◆ **ACTIVITY**
Below are the records; give again exactly the line with "Dark fin of", the line with "Apple Cider Vinegar", and each line that lies between them, and nothing besides.
[[ RECORDED DATA open ]]
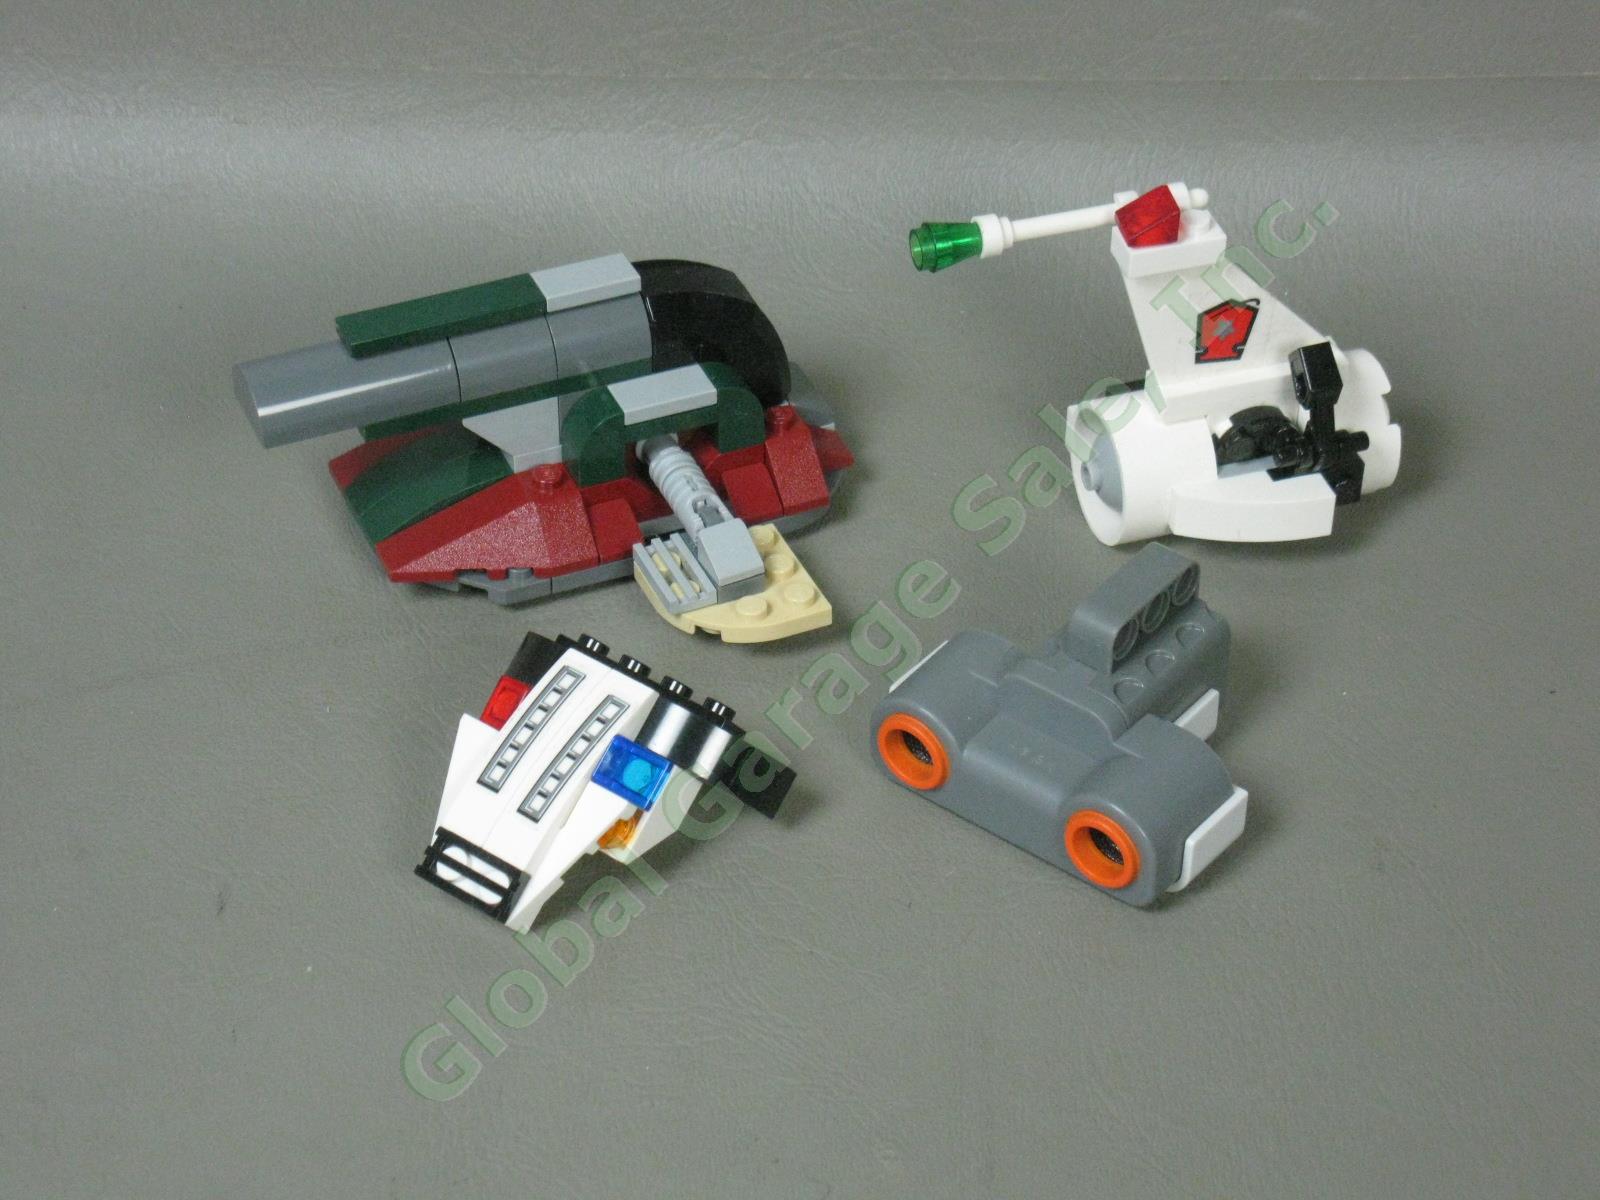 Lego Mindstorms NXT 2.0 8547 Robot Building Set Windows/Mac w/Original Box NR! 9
[[ RECORDED DATA closed ]]
[[ RECORDED DATA open ]]
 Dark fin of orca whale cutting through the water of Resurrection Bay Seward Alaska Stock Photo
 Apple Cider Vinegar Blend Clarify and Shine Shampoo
[[ RECORDED DATA closed ]]
[[ RECORDED DATA open ]]
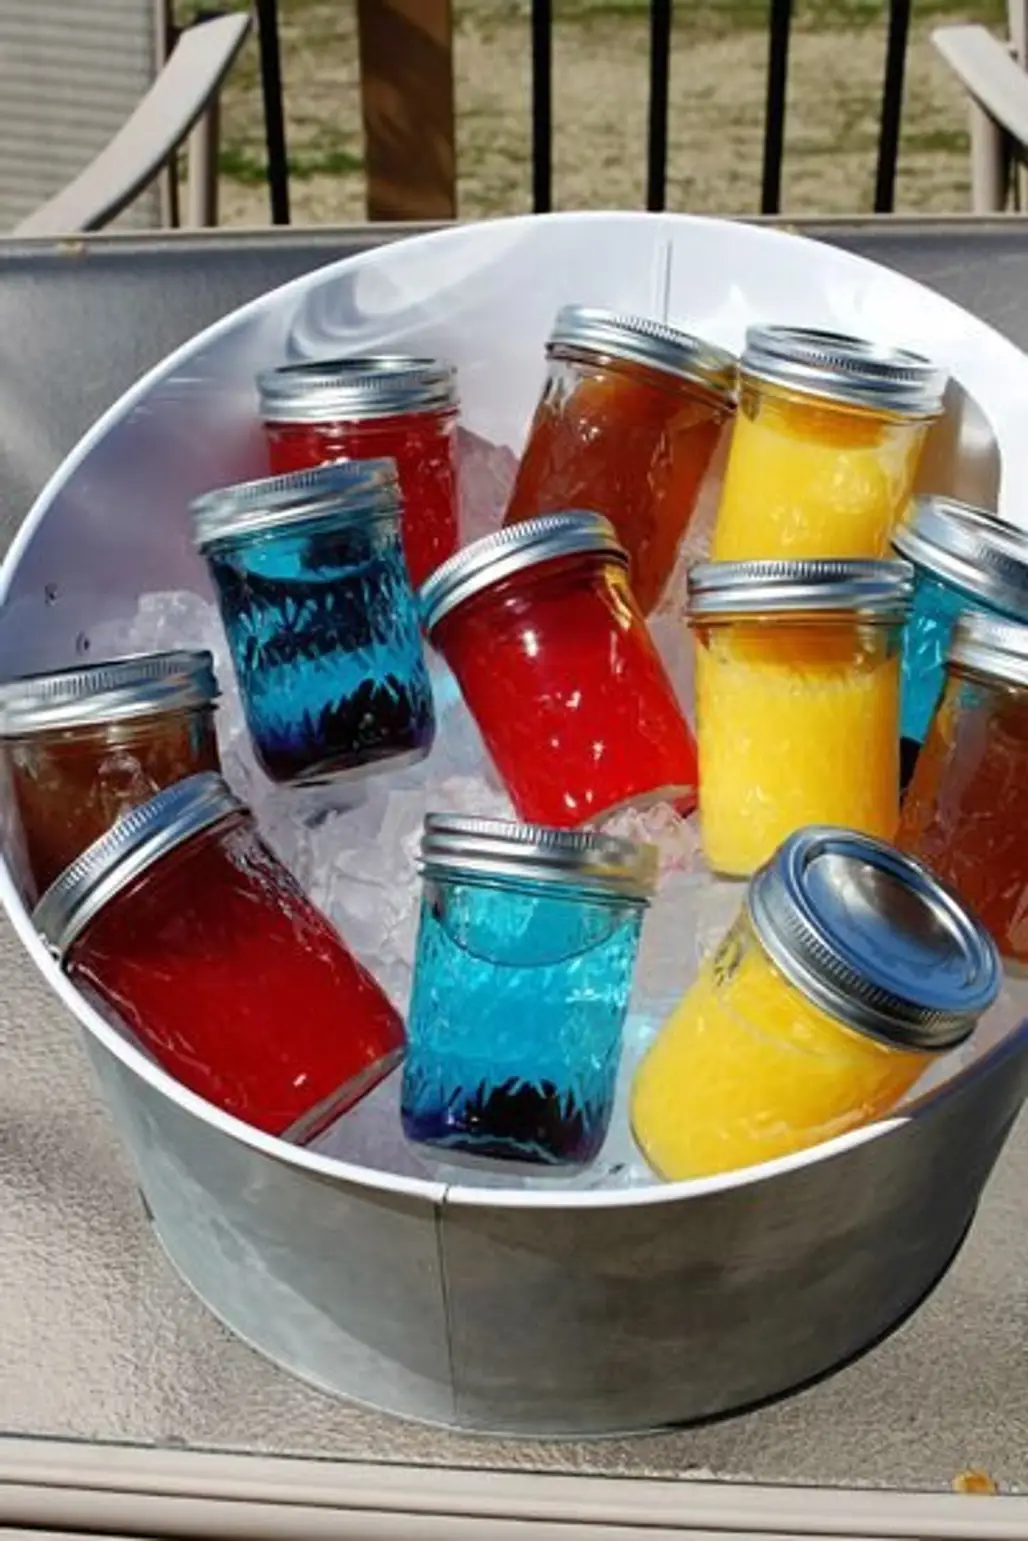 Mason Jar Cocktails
[[ RECORDED DATA closed ]]
◆ **PROBLEM SOLUTION**
 Dark fin of orca whale cutting through the water of Resurrection Bay Seward Alaska Stock Photo
 Apple Cider Vinegar Blend Clarify and Shine Shampoo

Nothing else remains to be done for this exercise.